We illustrate an elbow plot by running K-Means in a loop for values of n_clusters going from 2 to 20 in a simple line plot. This functionality is also encapsulated in the helper function elbow_plot.
inertia = []
for k in range(2, 21):
kmeans = KMeans(n_clusters = k, n_init = 150,
random_state=123456789).fit(X)
inertia.append(kmeans.inertia_)
plt.plot(range(2, 21), inertia, marker = 'o')
plt.xticks(range(2, 21, 2))
plt.show()
The plot does not show much of a kink in this application. This is actually (unfortunately) the case in many empirical instances. In our illustration, the improvement in WSS seems to decline starting at \(k = 6\).
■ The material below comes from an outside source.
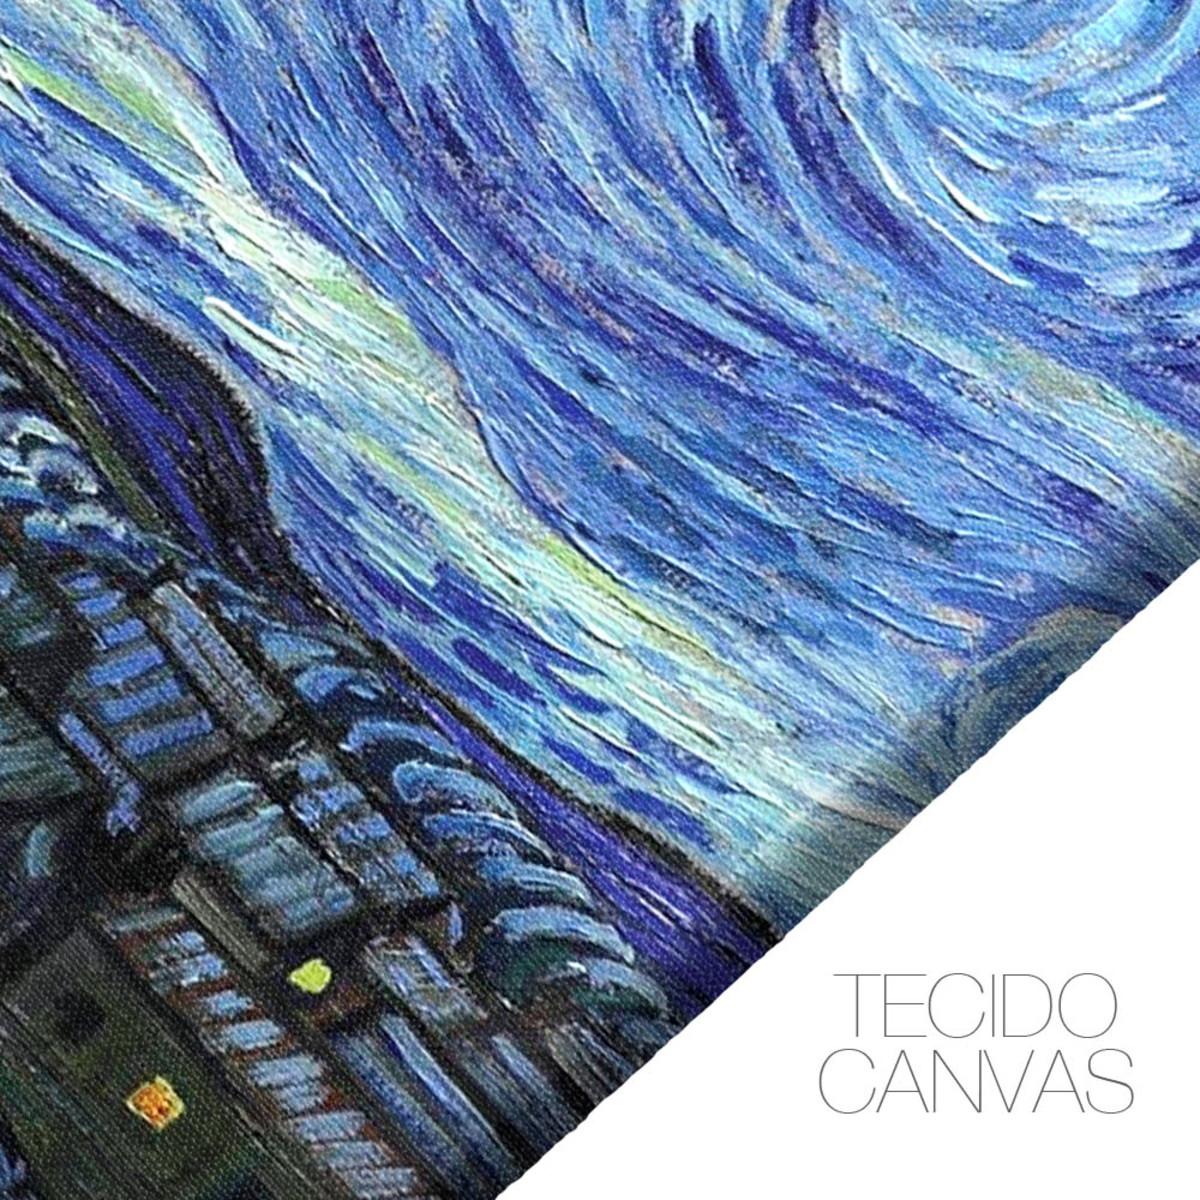 Quadro Decorativo Para Sala 120x60 Van Gogh Noite Estrelada No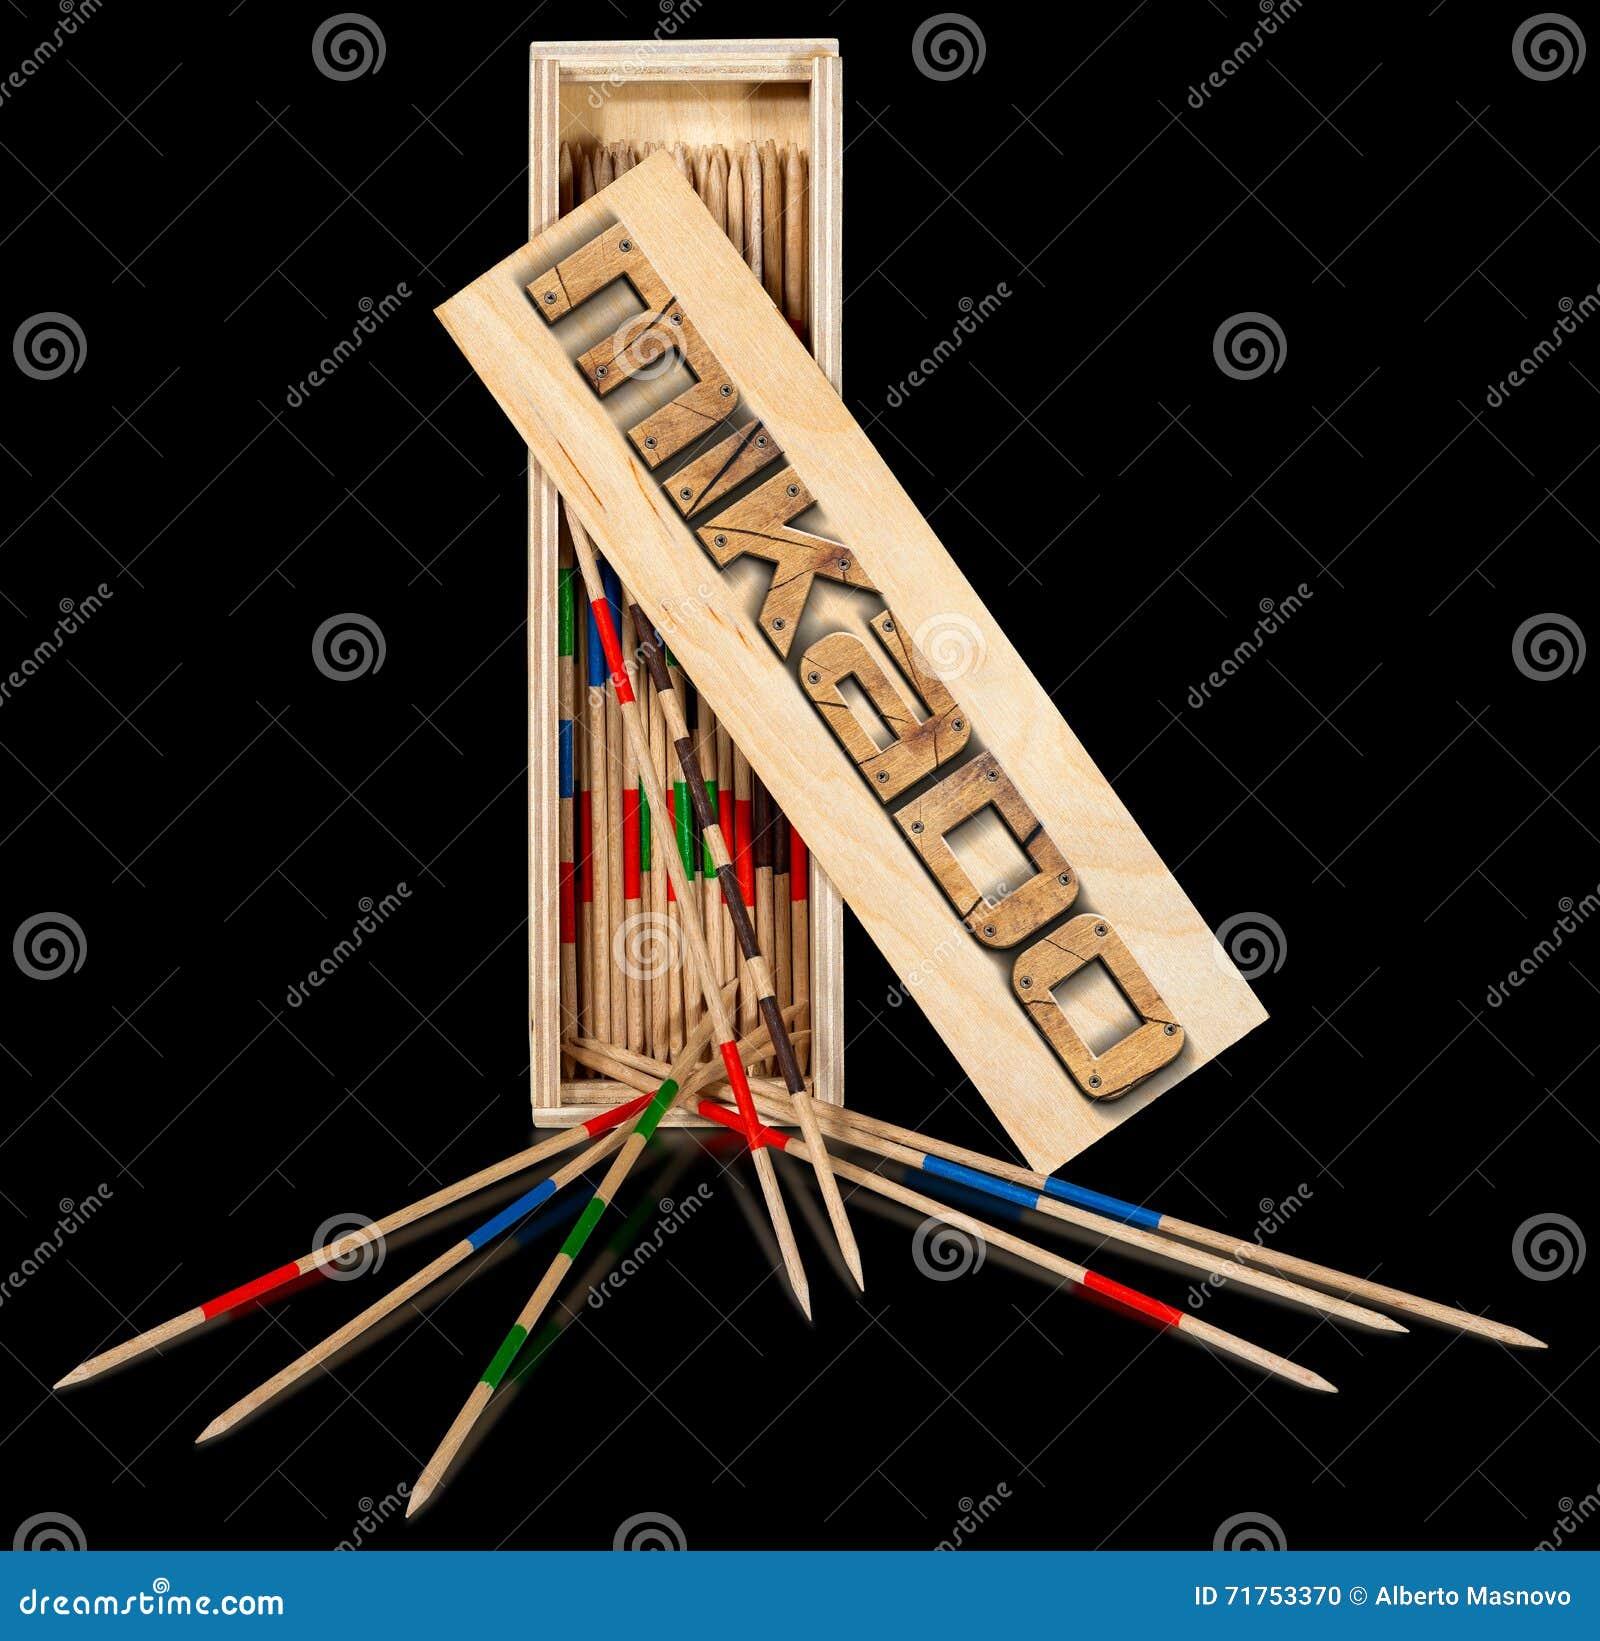 Mikado - ξύλινα ραβδιά και κιβώτιο

The helper function elbow_plot takes as arguments the standardized data and the maximum number of clusters, max_clusters (default 20), as well as some arguments to customize the K-Means algorithm (e.g., init, n_init, random_state). We illustrate this below.
With X as the standardized data and all the other arguments set to their default values, the elbow plot is invoked as elbow_plot(X). The result is identical to the graph above.
elbow_plot(X,title="")
8.6 Silhouette Score
A measure of the degree of effective separation between clusters is given by the so-called silhouette coefficient. For each observation assigned to a cluster, this is based on the average distance to the other cluster members (say, \(nn_i\)) as well as the average distance to the nearest member in a different cluster (say, \(nn_j\)). The silhouette score is then the ratio \((nn_j - nn_i)/max(nn_i,nn_j)\). It varies between +1 (densest) and -1 (least dense). The average of this score over all observations is an overall measure of separation, i.e., the closer this value is to +1, the better the cluster separation.
Scikit-learn computes the observation-specific silhouette values in sklearn.metrics.silhouette_samples. This takes as arguments the standardized data set (X) and the cluster labels. In our example, this yields an array with 791 values. The mean of this array is the same value as obtained with sklearn.metrics.silhouette_score.
sample_silhouette_values = silhouette_samples(X, cluster_labels1)
print(sample_silhouette_values.shape)
print("Mean silhouette value:", np.round(sample_silhouette_values.mean(), 4))
print("Silhouette Score:", np.round(silhouette_score(X, cluster_labels1), 4))(791,)
Mean silhouette value: 0.2725
Silhouette Score: 0.2725
The typical application for silhouette scores is to plot them as a horizontal bar chart for each cluster, showing the score for each individual observation. For 791 observations, this is not going to be too practical.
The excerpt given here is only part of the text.